When he turned around he could barely see the silhouette of the woman. She was wearing a black leather skullcap, her long wavy red hair flowing out from beneath. Her pretty face had a tense expression, her lips tight, her stance ready for action.
Behind her he could dimly see the silhouette of another figure crouching on the stairs, a sword and shield in hand, and not looking entirely human for some reason. She had her back to the figure, but he noticed that she was holding one hand up behind her that suggested she had gestured for the fighter to stay where he was, which he did. In a moment the dark figure seemed to blend into the darkness and Hermel could not see him any more.
Hermel rested his back against the stone of the corridor wall, and gave a half smile and chuckle, "Oh, hello there," he said as he nodded in the direction of the hidden figure and sighed, "Well, I asked for a fighting chance. I didn't ask for a good chance. I'll keep my word."
He slicked his hair back, perhaps for the last time, squared his shoulders and said, "I would have told you this without threats: Whatever relics you find in the mines, at least those with magical or religious power, are very old. They might date back as far as the Elder Elkron. Some, if not all of them, are evil and their presence can be felt if you're skilled in that sort of thing. Some can see a dull yellow glow that shines on nothing."

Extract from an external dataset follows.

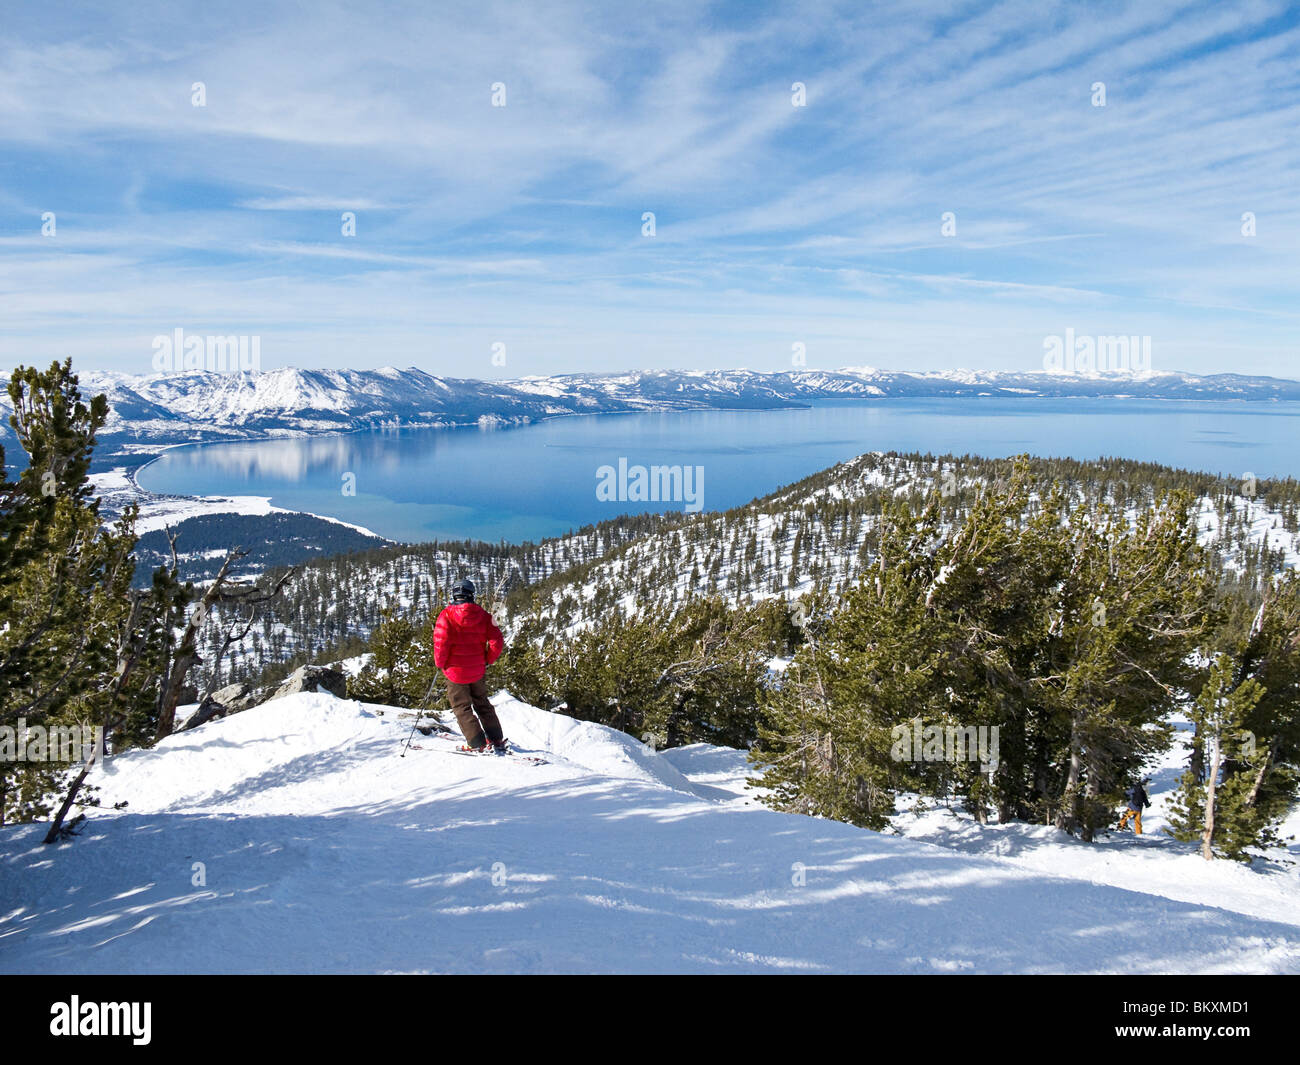 Vue de la skieuse admire Lake Tahoe à partir de la pente de ski de Heavenly Mountain Resort, USA. L'hiver Banque D'Images

After a distinct pause, Hermel added, "That's all, but this bit is free, and just some friendly advice. I think there's a reason why this place is buried and forgotten. No good can come from it in the long run. In fact, I'll wager that the explosion was no accident, even if it appeared to be. Leave these things alone, or you'll regret it. Besides, the salt is worth enough as is. If the two can be kept apart, it might be worth it, but I doubt it."
Hermel took a deep breath, shifted his cloak back, slid one foot back and placed a hand on the hilt of his broadsword, tilting it her way, ready to draw and attack if necessary.
"Okay, it was nice seeing you again, but it's time for me to go, one way or another, and quite frankly, the suspense is killing me," he said, expecting anything.
She stepped backwards and faded into the darkness as she said; "I may have misjudged you at first. Thanks for the advice. Maybe I'll see you around sometime."
And with that she turned the corner at the bottom of the stairs and was gone.